What unfolded over the next decade or so is excruciating to witness. As Picasso’s star rose, Maar’s all too near extinguished. Although Tate pitches their relationship as a period of collaborative creative exchange – she documented the progression of Picasso’s monumental 1937 Guernica, his response to the aerial bombing of the Basque town of the same name, and he experimented with new photographic and printmaking techniques inspired by Maar’s practice – it seems little believable.

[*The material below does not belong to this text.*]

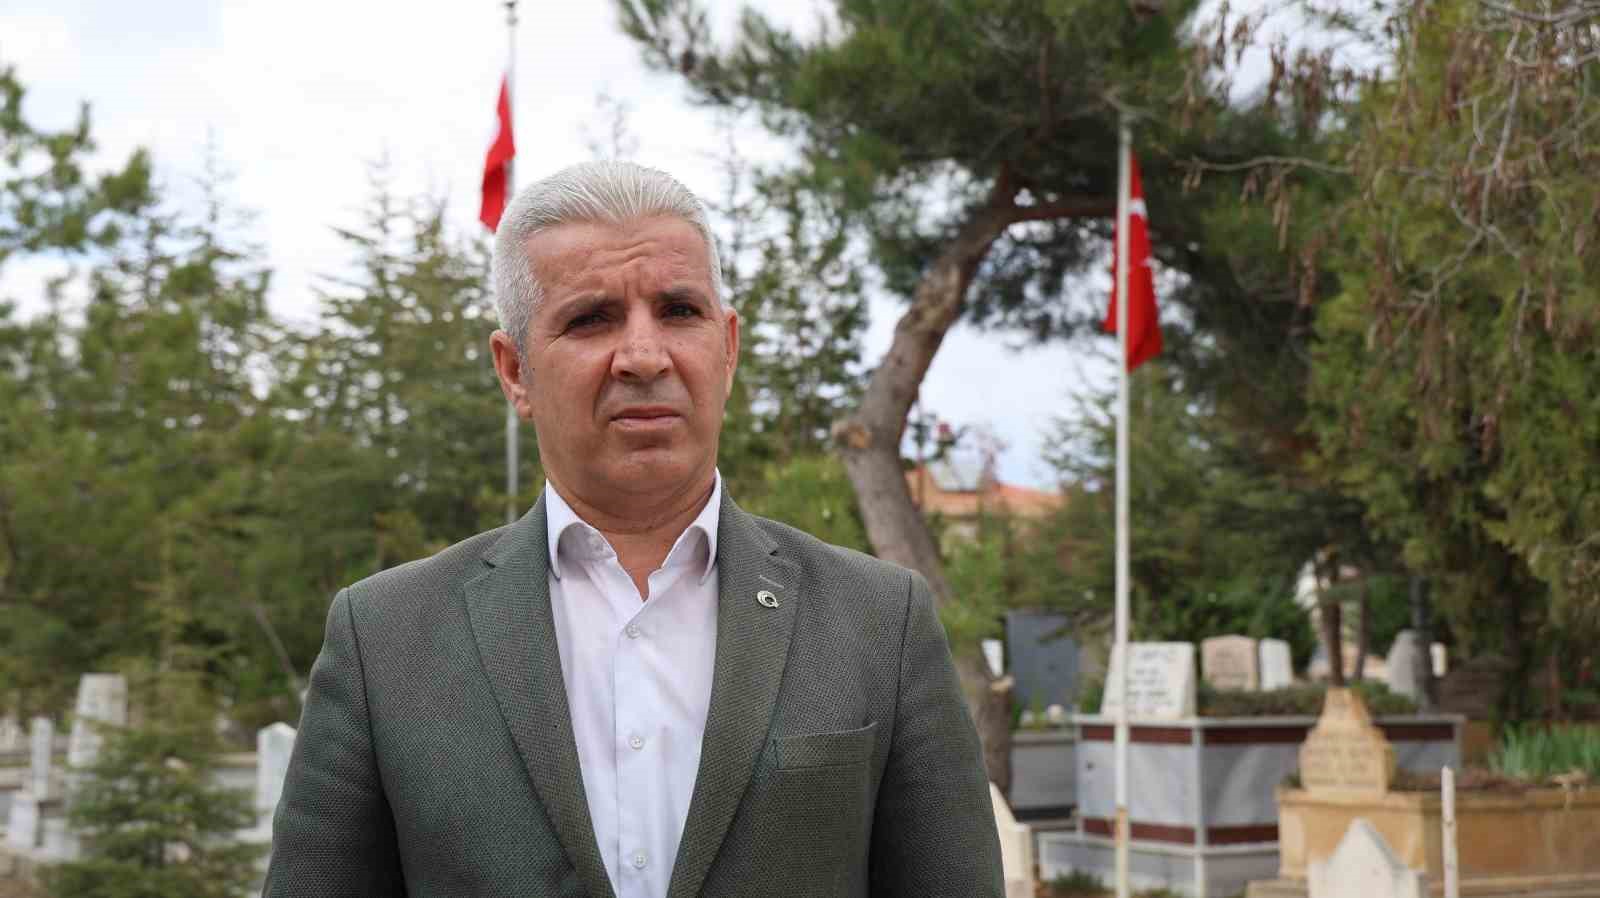 Şehit mezarlarında ’Türk bayrağı yok’ iddiası yalan çıktı

Maar abandoned photography for painting, apparently on Picasso’s account, and slid into a deep depression. The lacklustre portraits, with flattened features and bold outlines, illustrate the extent of Picasso’s overbearing influence. What strikes a chord here, though, is a double portrait (thankfully stylistically Picasso-free) called The Conversation from 1937, a nod to the toxic love triangle in which she then found herself entangled. Exhibited for the first time in the UK, it depicts Picasso’s two anguished lovers side by side: we see Dora from the back and Marie Thérèse Walter, Picasso’s lover whom he’d met nearly a decade earlier, from the front.
While Maar plunged into turmoil, Picasso thrived, casting his suffering muse in the role of his ‘Weeping Woman’ more than 30 times. Fractured and distorted, Tate’s version from 1937 paints a brutal portrait of female fragility.
After the breakdown of their relationship, Maar divided her time between Paris and Ménerbes, in the south of France. There she made gestural landscapes, and later abstract compositions of the natural elements in ink, oil and watercolour. Isolated and traumatised, she retreated from public life, turning to Catholicism for comfort. There’s little mention of this here though, an uncomfortable and peculiar omission.
It was not until the 1980s that Maar actively returned to photography. She made photograms by laying household objects or personal items, including her rosary beads, onto photo-sensitive paper; and abstractions by scratching into her negatives. On display in the final room of the exhibition, these camera-less experimentations are far quieter than her provocative early stills, yet nonetheless intriguing.
While life in Picasso’s shadow has been cruel to Dora Maar, who died in 1997 aged 89, this exhibition shows her talent, particularly in the 1930s, to far surpass her desolate story. Finally, her star rises again. Let this be a bold new beginning for the dazzling Dora Maar.